I have come to realize a few things. You have all probably noticed that I am shooting a lot less these days? Well, part of the reason is I have been extremely busy with our move and renovations but also..
I believe school has changed me. It seems that it robbed me of my creativity, and my drive to “just try” this or that. While in school I think I was too busy to be creative, ( because for me it takes time) I was too rushed in order to get things done in time. Too worried about being “wrong”. Now out of school, I am thinking about it way too much instead of just doing. I am worried about being wrong or not perfect and it has taken all the fun out of it. and! I am constantly trying to recall all the information that was jammed into my head.
I thought I would walk out of there with lots of confidence and a bit of a know it all.. ( but not a snotty one! haha) I just mean knowing what I was doing technically without thinking so hard so that I can just concentrate on the people and things I am photographing. I do know a lot more and it has become easier but it is gained with time and experience .. so needless to say, that is what I need to do!
I have spent the last month stressed & trying to get us settled into our new home and setting up my studio. I need it functional so that I can start making some money. Which brings me to the other thing I realized. I need to start making money and that puts even more pressure on “doing it right” and hurry up about it! I need to advertise and get known here, stop worrying about whether I am good enough and just do it. It takes time though, so unless I suddenly get busy I will be finding a job to supplement my income for now. That will help take the pressure off and allow me to just have fun with it.

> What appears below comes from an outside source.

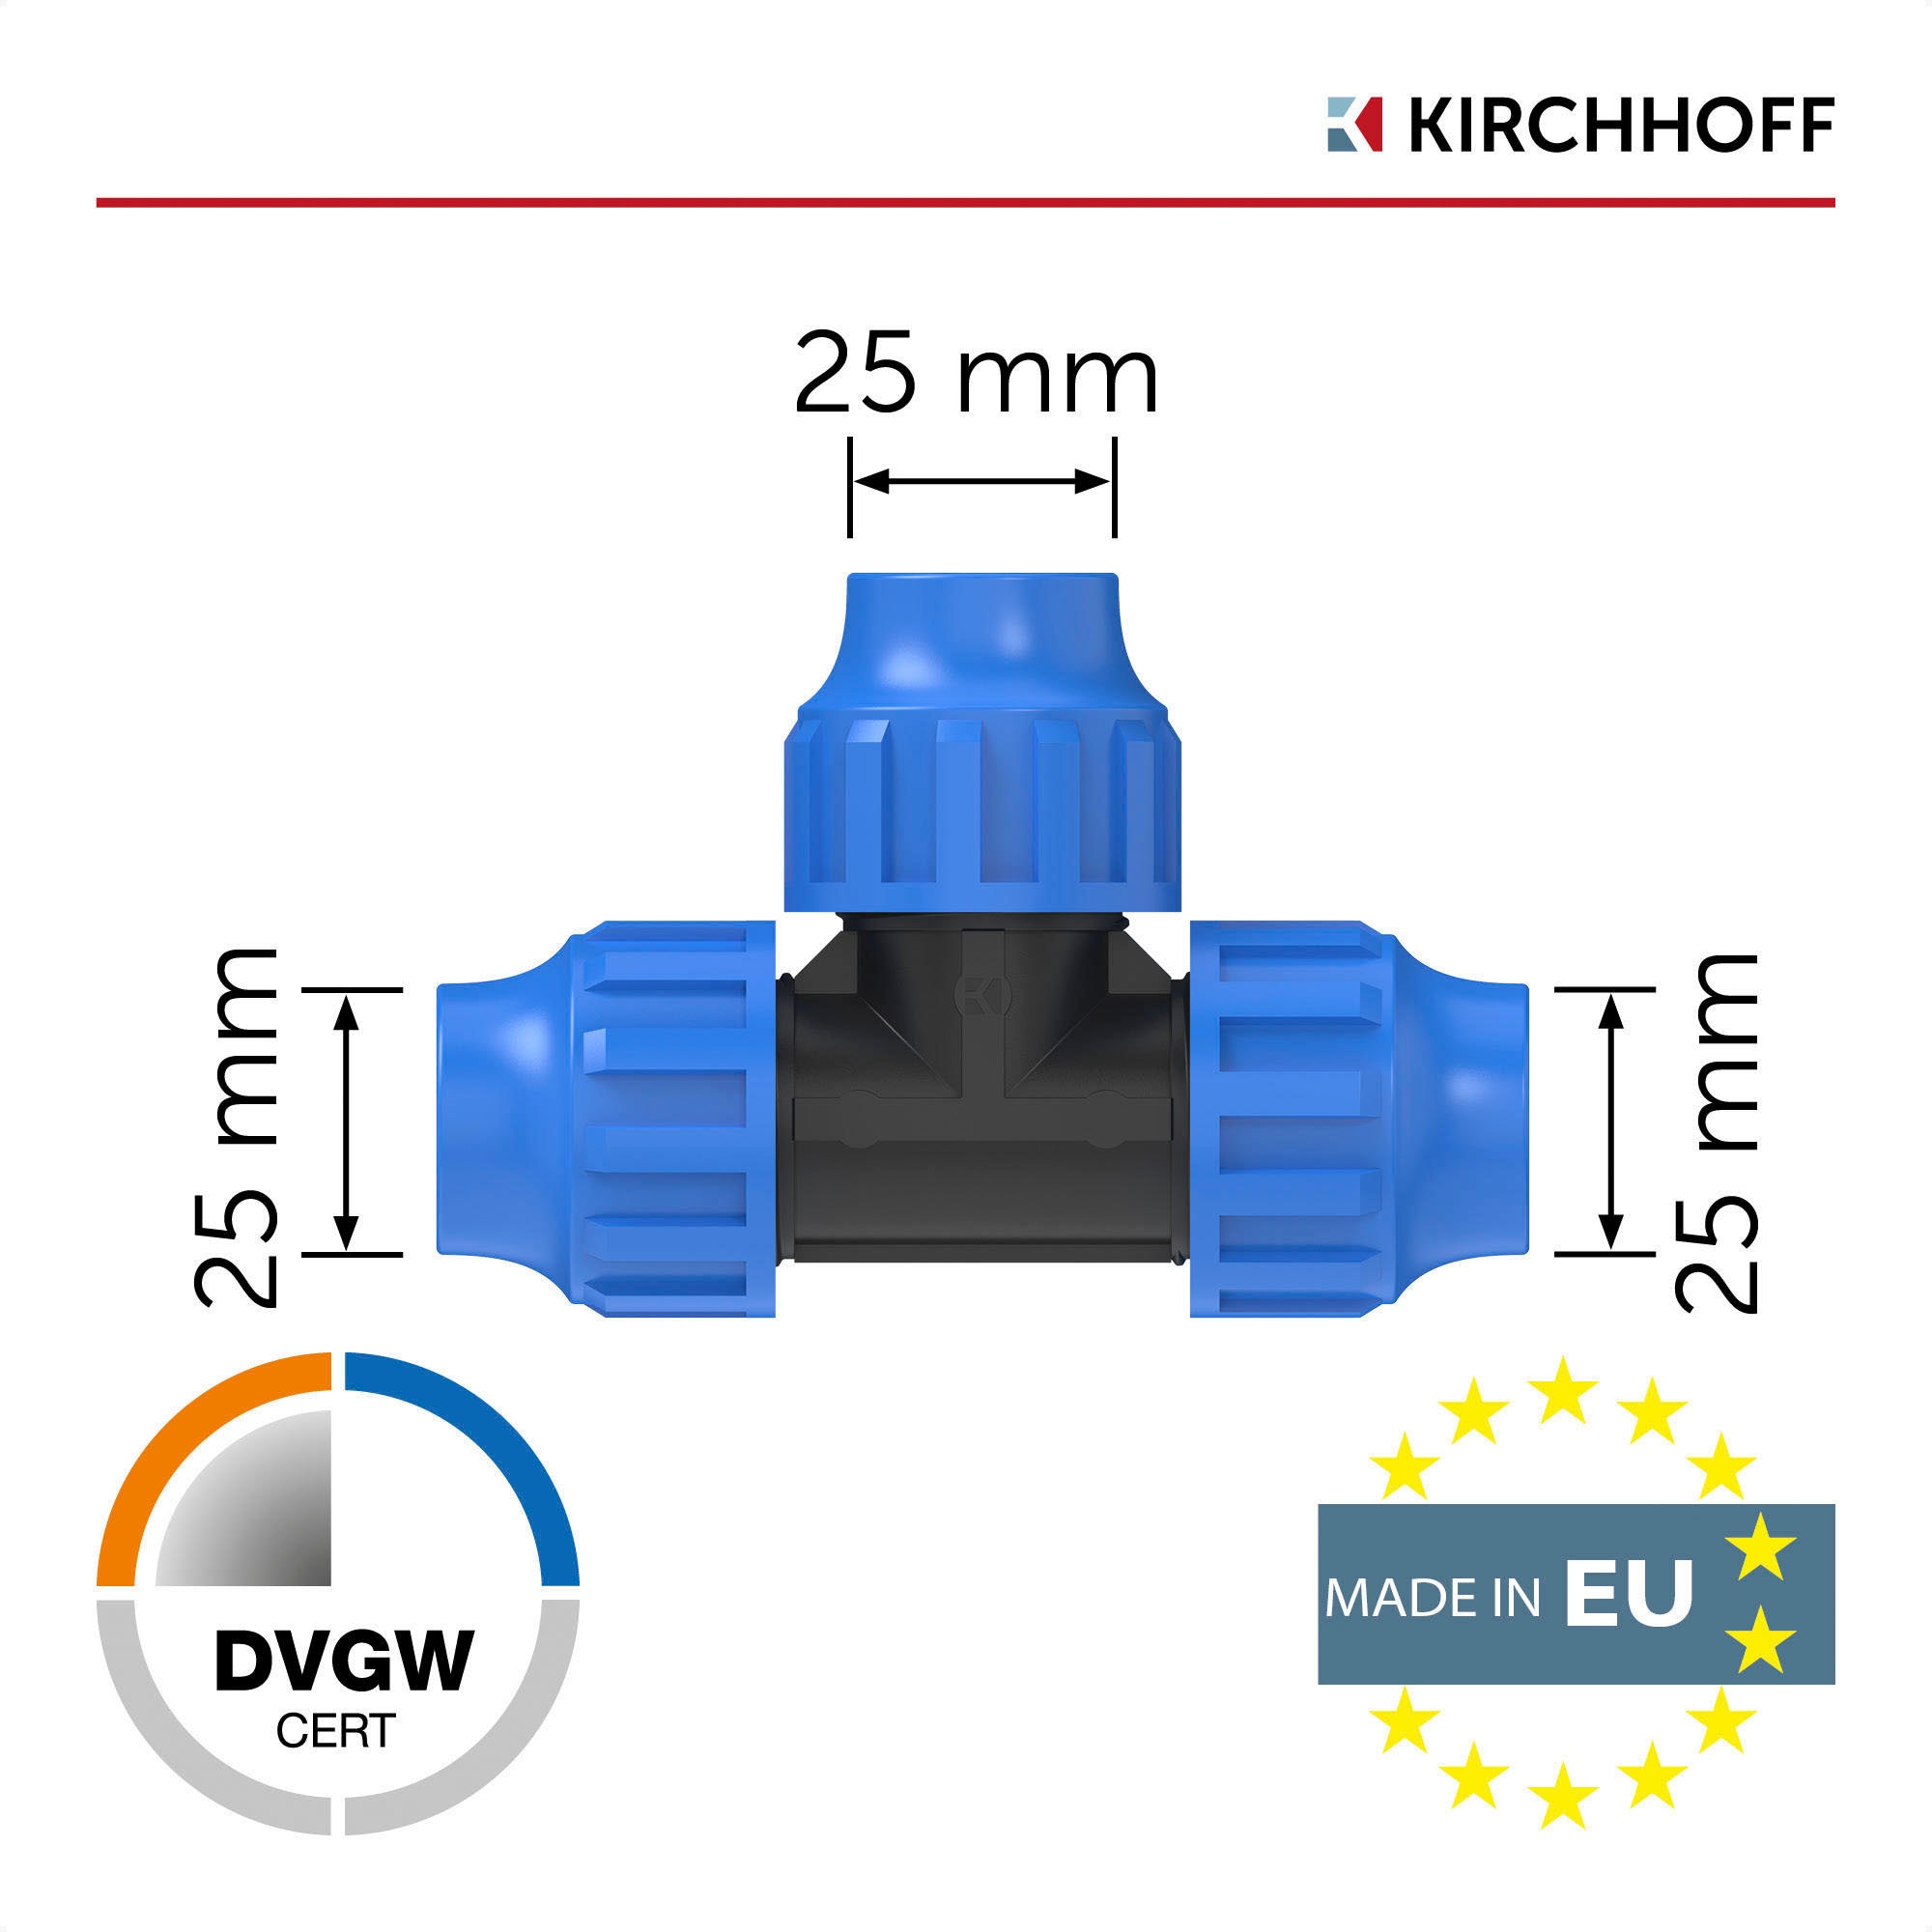 Kirchhoff T-Stück, für HDPE Rohr, 25 mm

I have also realized I am homesick for some things. Of course, I miss my family & friends and seeing them whenever I want, and seeing a friendly face wherever you go. I miss working at the animal shelter with my kids. I miss the shorter travel time for Chris to go to and from work. I miss the ability to just hop on a quad and go. Photography wise.. I miss seeing the sun actually going down to the horizon and the beautiful sunsets with it. I miss the snow (not the cold!) just the white trees, the crisp clean landscape (and backdrop). That could be because we have only had one snowfall here so far and it was just a day of soggy snow. Nothing but rain & gloomy clouds for the past couple of months. I also miss the wide open spaces with nobody in them. You could pretty much go out and photograph anywhere and not have to worry about people being there. I am sure I can find that here too, its just a matter of getting out there and finding it. There are a lot of things that I love about here & I am so grateful that we could be here, I am just missing those parts of the north right now and wishing that it wasn’t so far away.
To conclude this little tell all post, hopefully you will be seeing a lot more from me as I shoot more, think less and have fun again. I need newborns, beautiful expectant moms, babies, kids, families & couples in love. I need to get out and find the breathtaking scenery and make some art. I will be going up to the mountains to visit the snow! I need to play in my studio and experiment with all the artsy shots I wanted to try. I need to see more of my work in print (and maybe even sell some). I need to just shoot and love it again. So that is what I shall do.
I have some very special visitors coming for Christmas to look forward to!! ( so excited!!!!!) and I hope to get back home for a visit in the spring!
Thanks again for all your support, it means so very much to me!
PS: As I was finishing up this post and about to sign out – the sun came out! A sign? I think so 🙂 Have a great day everyone!